To run the fitting script:
$ python fitModel[_noPickling].py (-ff/-rw/-nn) (graph name (ex. Twitter2011)) (input pickle path) (Orbis dkDist path) (result output path) [additional param. for -rw/-nn]
Additional parameters for mod. Random Walk and Nearest Neighbor
- -coarse/-fine to indicate coarse or fine sampling
- If '-fine' sampling is indicated, add additional 'qe_start qe_end qv_start qv_end' parameters for Random Walk, or 'k' parameter for Nearest Neighbor.
Examples:
$ python fitModel_noPickling.py -rw OSN_Name ../pickles/OSN.pickle ~/allMyCode/Orbis_Source/dkDist ./results/FineRW/ -coarse
$ python fitModel_noPickling.py -rw OSN_Name ../pickles/OSN.pickle ~/allMyCode/Orbis_Source/dkDist ./results/FineRW/ -fine 0.2 0.3 0.5 0.7
$ python fitModel_noPickling.py -nn OSN_Name ../pickles/OSN.pickle ~/allMyCode/Orbis_Source/dkDist ./results/FineNN/ -fine 3
socialModels.py
Make sure both Python 2.7+ and the NetworkX Python package have been installed.
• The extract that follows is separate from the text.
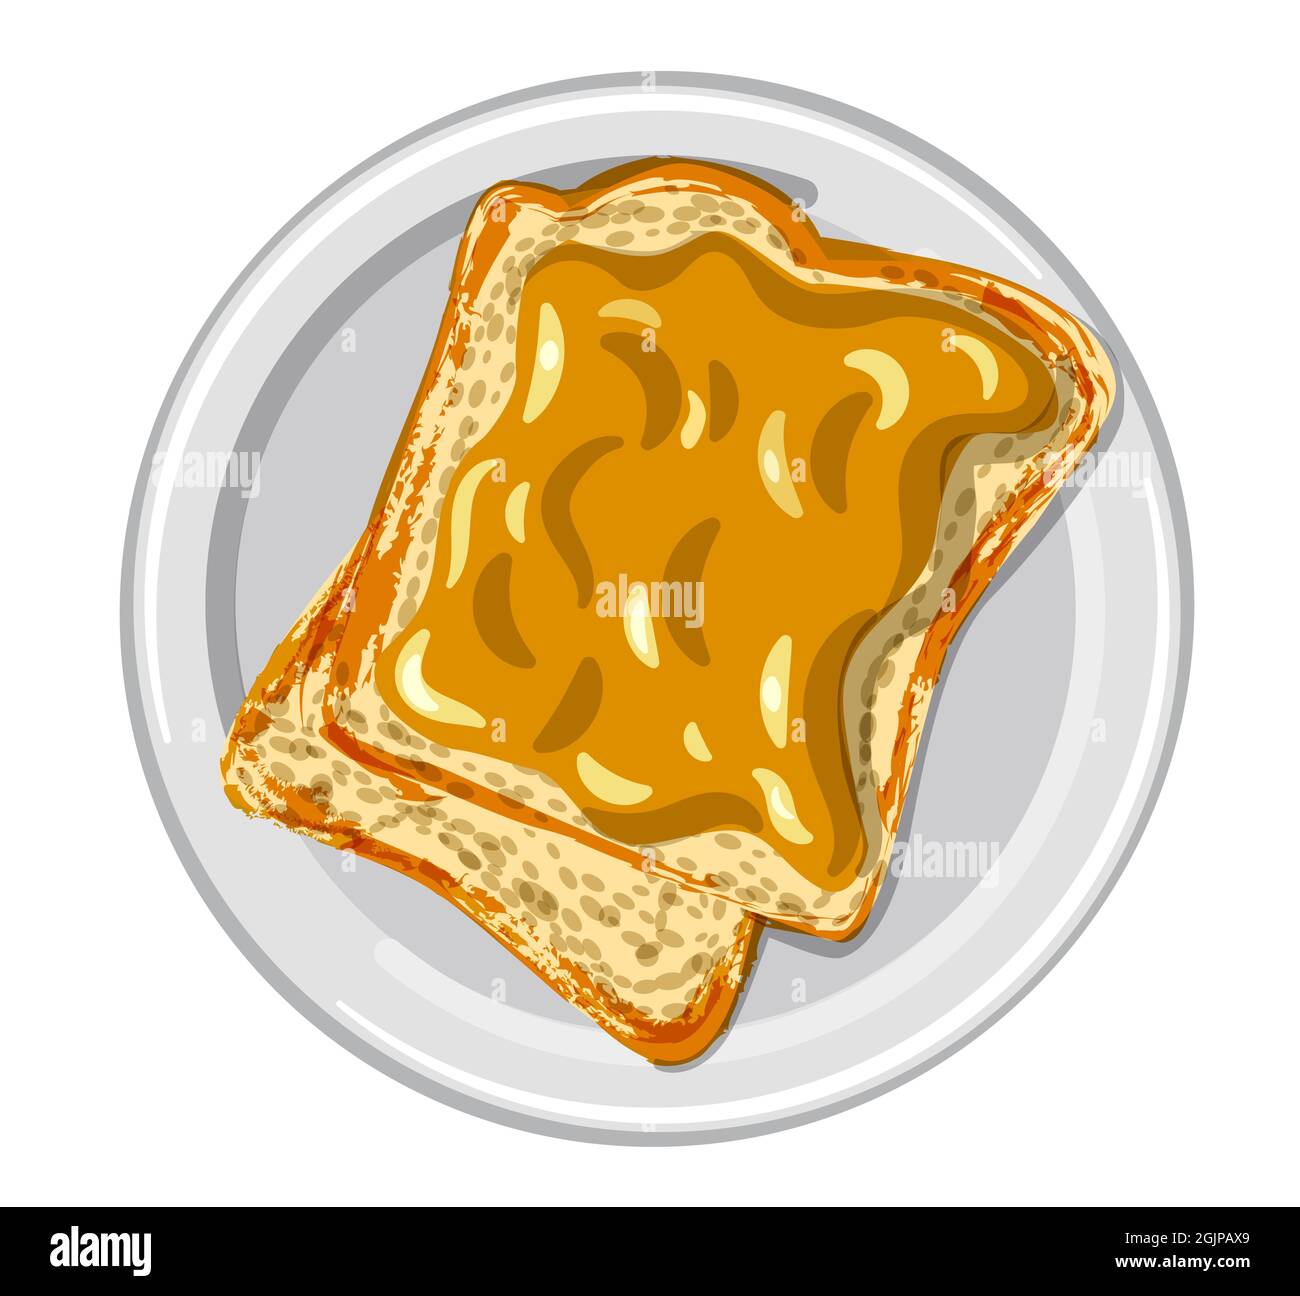 illustrazione dei sandwich con burro di arachidi su un piatto Illustrazione Vettoriale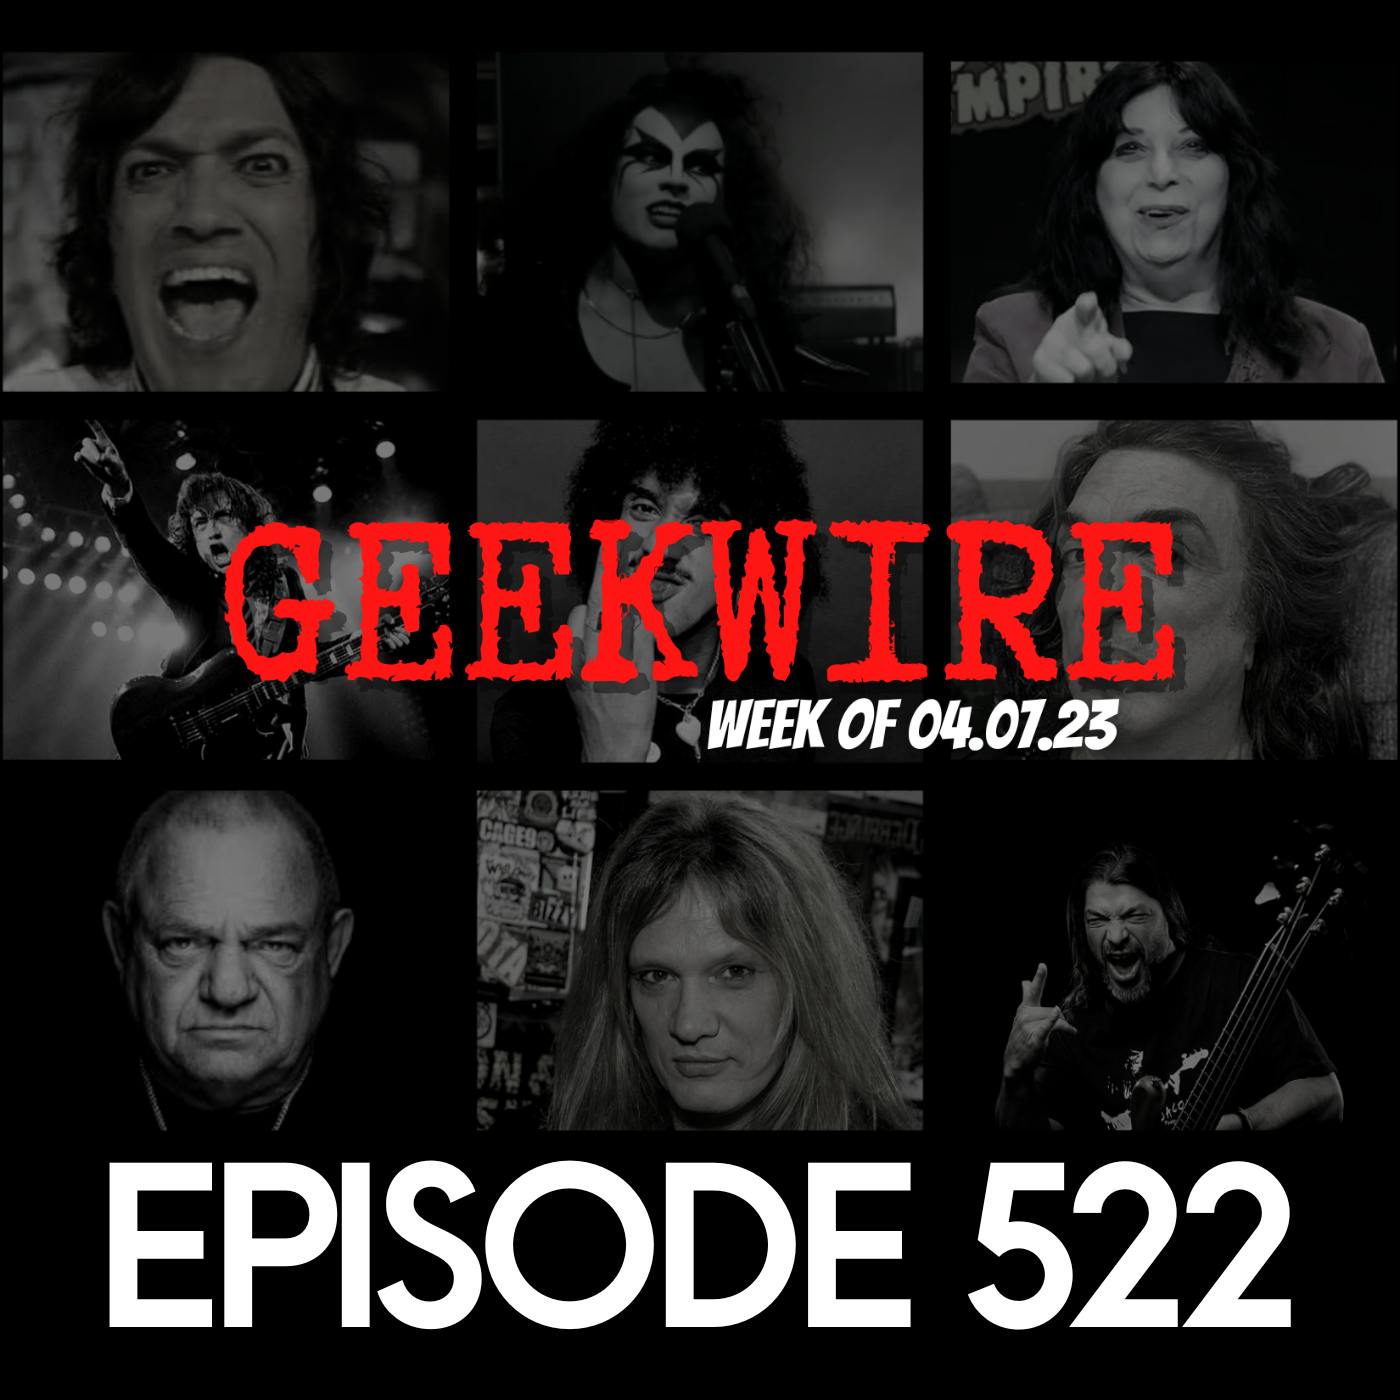 Geekwire for Week of 04.07.23 - Ep522

Function | Description | Parameters |
---|---|---|
networkx.barabasi_albert_graph(n, m) | Generates a graph using the Barabasi-Albert model |
|
forestFire_mod(n, p) | Generates a graph based on Forest Fire model modified for undirected edges |
|
randomWalk_mod(n, qe, qv) | Generates a graph based on a Random Walk model modified for undirected edges |
|
nearestNeighbor_mod(n, u, k) | Nearest Neighbor model modified to generate graphs with power-law exponent between 1.5 and 1.75 to match a social graph structure |
|
Sample usage:
>>> import networkx as nx
>>> import socialModels as sm
>>> G = sm.nearestNeighbor_mod(97134, 0.53, 1)
Fitted Model Parameters
The below provides users with model parameters that, when fed
into our model generator code, produces graphs that closely match our
Facebook data. To see model parameters for a given model, choose it
from the clickable field. For anonymity reasons, we do not identify
which model parameters match which Facebook graphs. However, all parameters
shown are from our 2009 Facebook graphs.
Note: Our study has shown that
the models which best replicate the original social graph structure
are the modified Nearest Neighbor model and the dK-2 distribution.
Download
Current version:
fittingCode.zip v1.2c, updated 11/15/13.
Note: Fitting code for the Kronecker model can be found in the C++ SNAP library here.
We are also in the process of integrating our modified Forest Fire, Random Walk, and Nearest
Neighbor code into the NetworkX package. We will make a note here when this integration is
completed.
* Note:
- Code for the Barabasi-Albert model can be found in the NetworkX package under networkx.generators.random_graphs.barabasi_albert_graph.
- Code for the dK model (up to dK-2) can be found here. dK-3 and upwards generators currently do not exist.
- Code for the Kronecker model can be found in the C++ SNAP library found here.